For this reason the Lord Jesus also teaches how to pray. He says that when we pray we should pray this: “Give us this day our daily bread.”
Notice the contrast between this service and the services that our sinful hearts seek. In the divine service we seek after the kingdom of God and His righteousness, trusting that all else shall be added unto us in accord with the fulfillment of God’s will being done on earth even as it is in heaven. According to our sinfulness we seek after the things of this world, the mammon. According to the prayer or service or worship that flows from the one true faith we pray according to what God wills and according to what God declares. According to the prayer or service or worship that flows from our own little faith, we act like the gentiles or the nations and we say: “What shall we eat? or, What shall we drink? or, Wherewithal shall we be clothed?”
Of what do we partake in our lives of worship? What thoughts flow from the faith that we hold? In what or whom do we really trust? What or whom do we declare with our thoughts and our prayers to be the one true master of our hearts and minds?
This is why the Lord never directs us to our own faith but always to the faith that He gives. This is why the Lord never instructs us to believe more firmly but rather instructs us to receive His gifts by which He firms us up in the one true faith that He works in us. The faithfulness to which He directs us is His faithfulness. Our faithfulness is His faithfulness filling us up through the means of grace. He has given to us the means by which faith is given to us and preserved within us, or even better stated, the faith in which we are preserved. The Lord has given the form of worship by which our actions are made to be insignificant and His actions are made to be everything. The Lord has given the form of worship by which He is our one and only Lord or Master. His means of grace teach us that we are nothing so that our hearts and minds are turned to Him so as to be made to be what He will make of us. Then we begin to understand that faith is not something that we do but that God works in us and for us. Then we see that we do not make Jesus Lord of our lives but that He has made us members of the kingdom in which He IS. Jesus IS Lord, and by His grace He comes to us so that we know Him as our Lord. He comes to us through His means of grace and brings us into the communion of His kingdom of grace, where He rules by grace and nothing else has power over us. Then the power of His love is seen clearly and we then love Him with the love that He has loved us.
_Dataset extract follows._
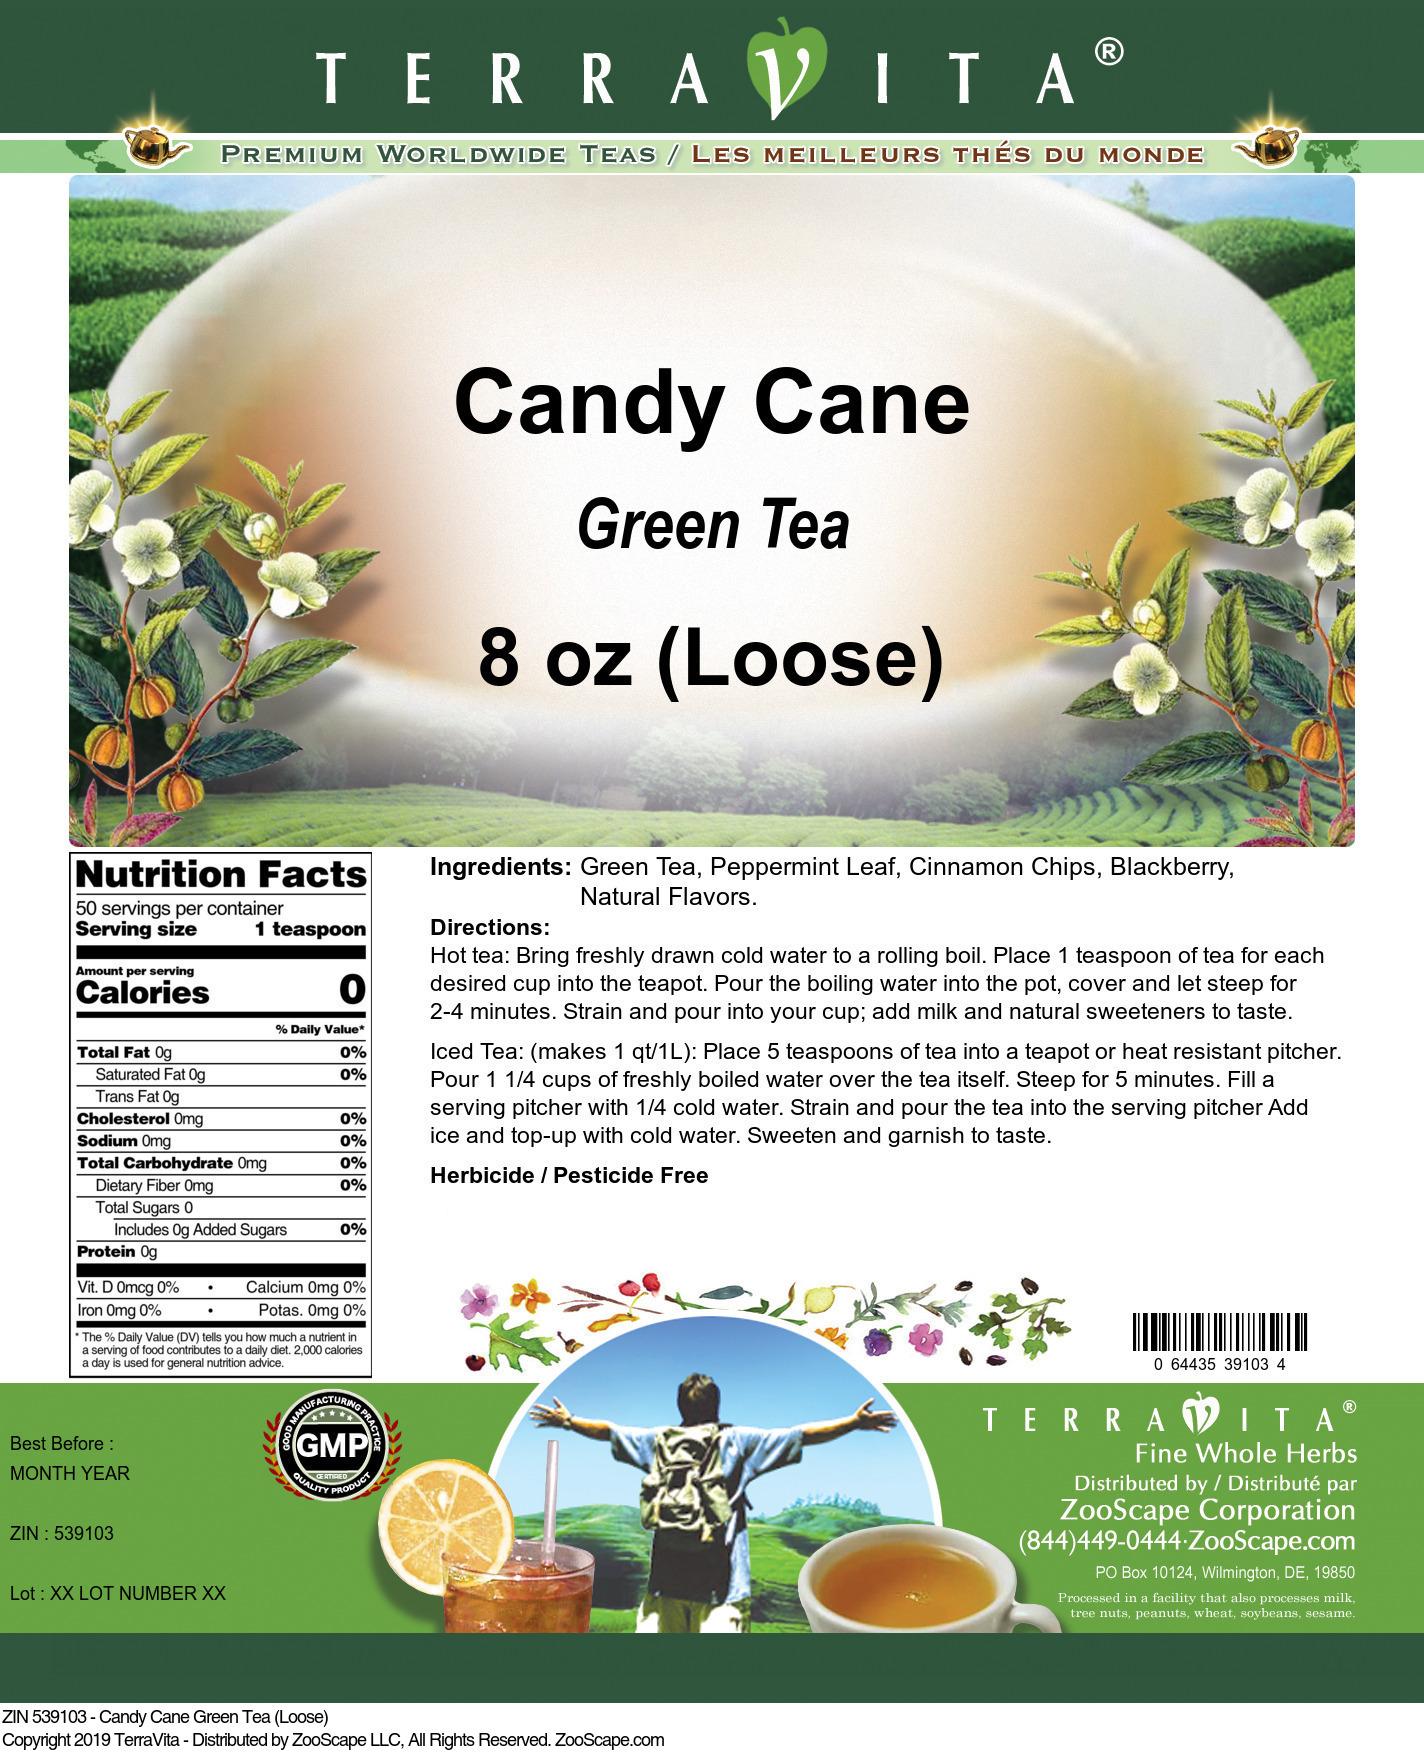 Candy Cane Green Tea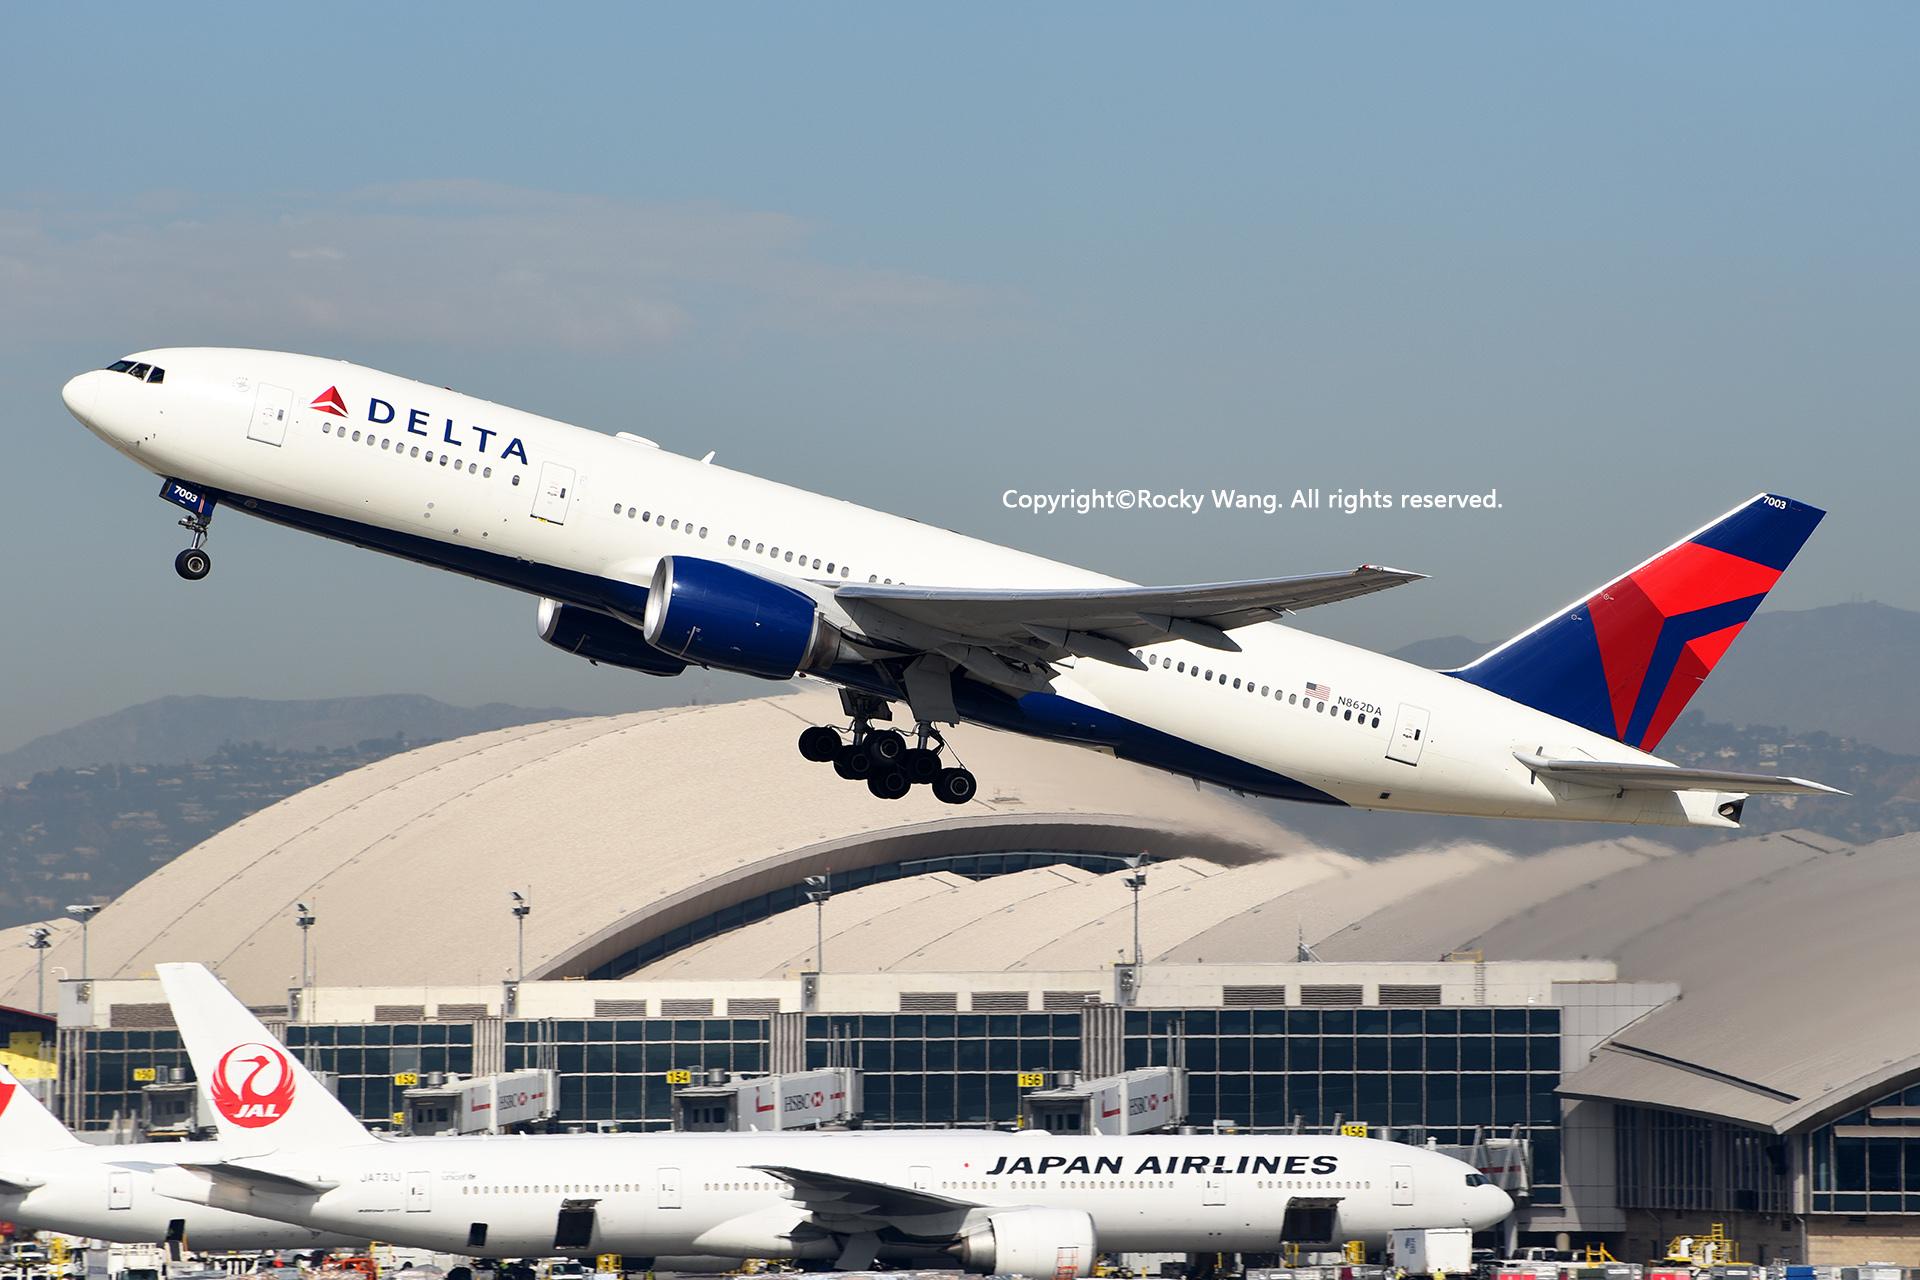 Re:[原创]居家了 批量处理老图 倾情奉献52家777 BOEING 777-232(ER) N862DA Los Angeles Int'l Airport

III. Sufficient unto the Day the Evil Thereof
The Lord Jesus concludes this matter, saying:
Take therefore no thought for the morrow: for the morrow shall take thought for the things of itself. Sufficient unto the day is the evil thereof.
Do not take part into the morrow. Why do we imagine that we can do such a thing? Why do we imagine that we can provide for or take action into the future? We do not even know what tomorrow will hold! Will we go to bed tonight and wake up into the morrow? Will we wake up in the same condition or will we have a stroke during the night and awaken paralyzed? Will we start the car and drive to work or will terrorists attack? Will the Lord come during the night and put an end to this evil age?
Why do we try to take part into the morrow? Why do we worry and fret? We worry because we do not trust God. We do not believe God’s goodness and so we imagine that we must somehow prepare ourselves for tomorrow. We forget that all good things come from above and so we work and we toil to provide good things for ourselves.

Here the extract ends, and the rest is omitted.